Marrying their industry experience with knowledge about AI will help them estimate the impact on workers’ roles. This also helps them identify potential barriers to adoption and better inform talent development requirements and guide the cultural changes needed.
Secondly, strategic decision makers, like marketers, require high-level training using real business scenarios that show how the tools improve decision making.
Thirdly, for front-line workers a general introduction to the tools with on-the-job training in how to use them.
Expect AI transformation to take months and anticipate a loss of momentum during implementation if results are not immediate.
To counter this, leaders must actively encourage the new ways of working. Early iterations rarely work out exactly as planned.
When that happens, leaders need to highlight what was learned to drive improvements in the next iteration.
Finally, reinforcement of why AI is being used will complete successful implementation. Comparing the results of decisions made with and without AI encourages greater use and acknowledges the employees who drive implementation.
Are you AI ready?
Adopting AI creates unique challenges. However, there are general considerations that are consistent for most businesses.
Audit the existing technology and talent pool within your business to decide if they meet the needs of your AI system. Look at existing data points and your data science expertise. Consider bringing in products and solutions that broaden your ecosystem.

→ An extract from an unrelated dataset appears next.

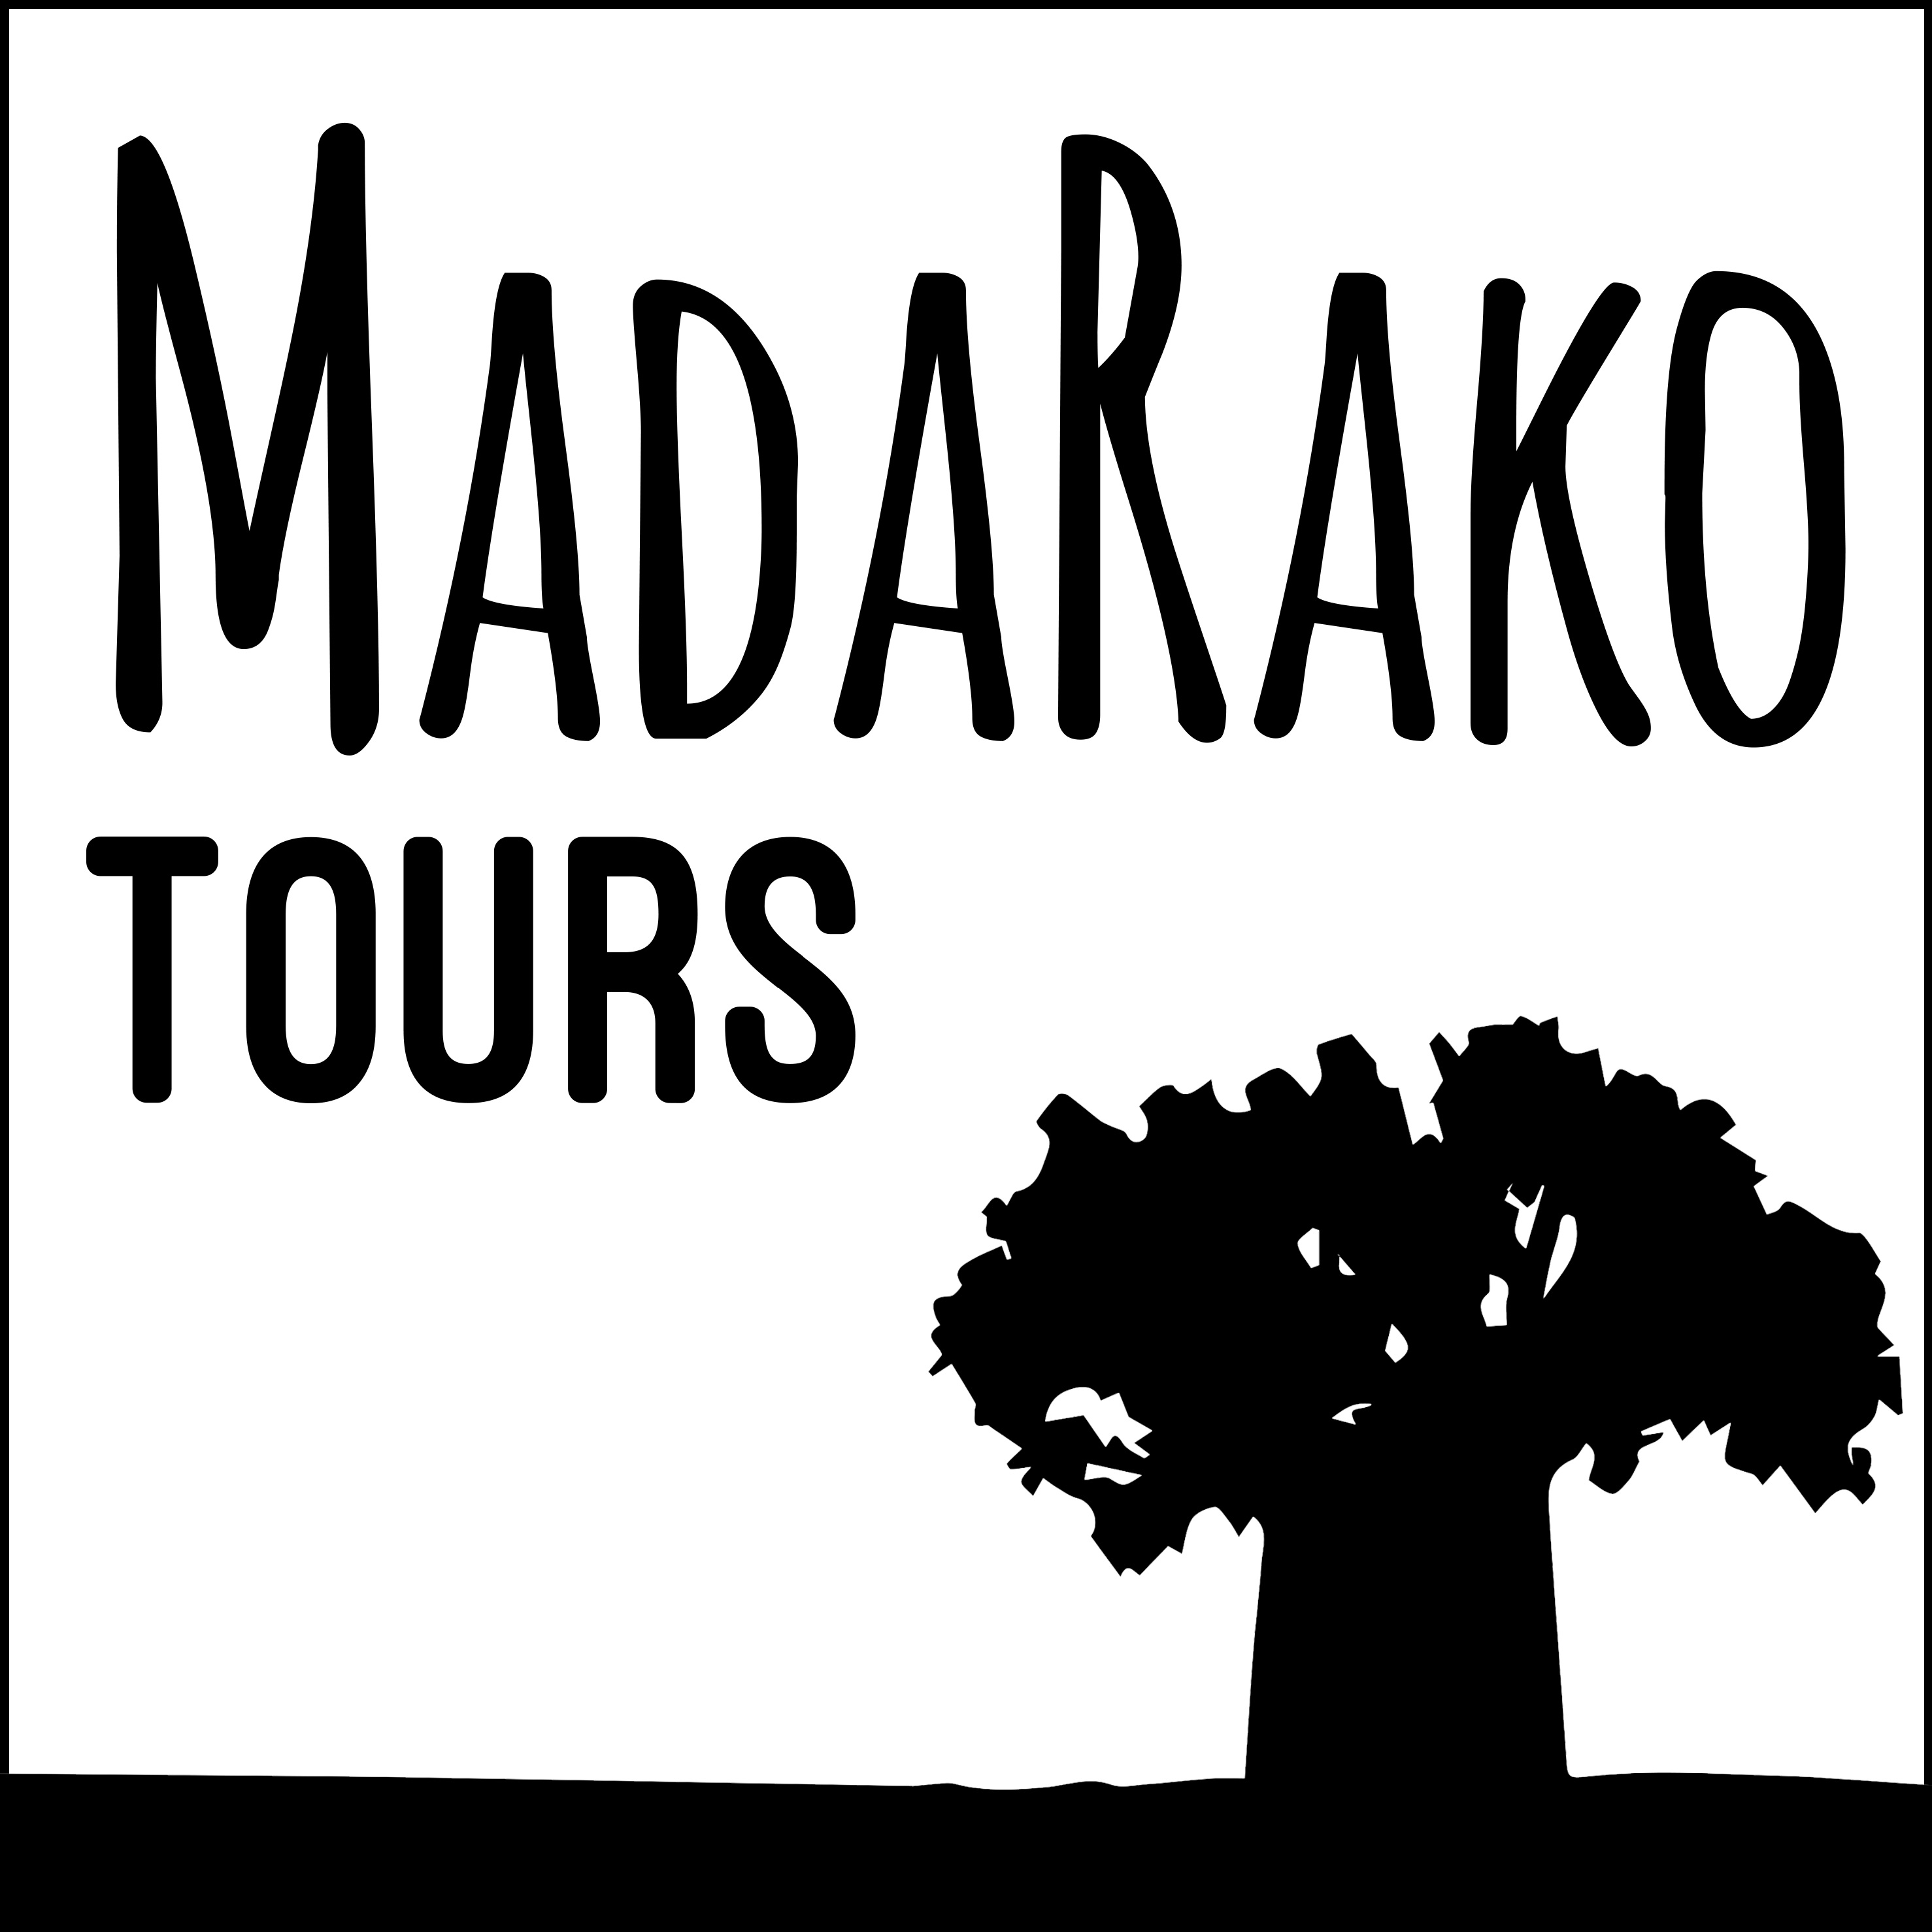 Madarako Tours

After deciding where AI fits into your business, the gaps in existing tech and expertise that need to be filled will be clearer.
One option is to invest in a startup that has successfully developed their AI tech to augment existing resources. Alternatively, identify vendors to collaborate with or to co-invest in building market-ready applications.
The objective is to take actions that promote scale in AI as this brings its own benefits. This dictates how far the needle gets pushed on BI and the success of AI adoption.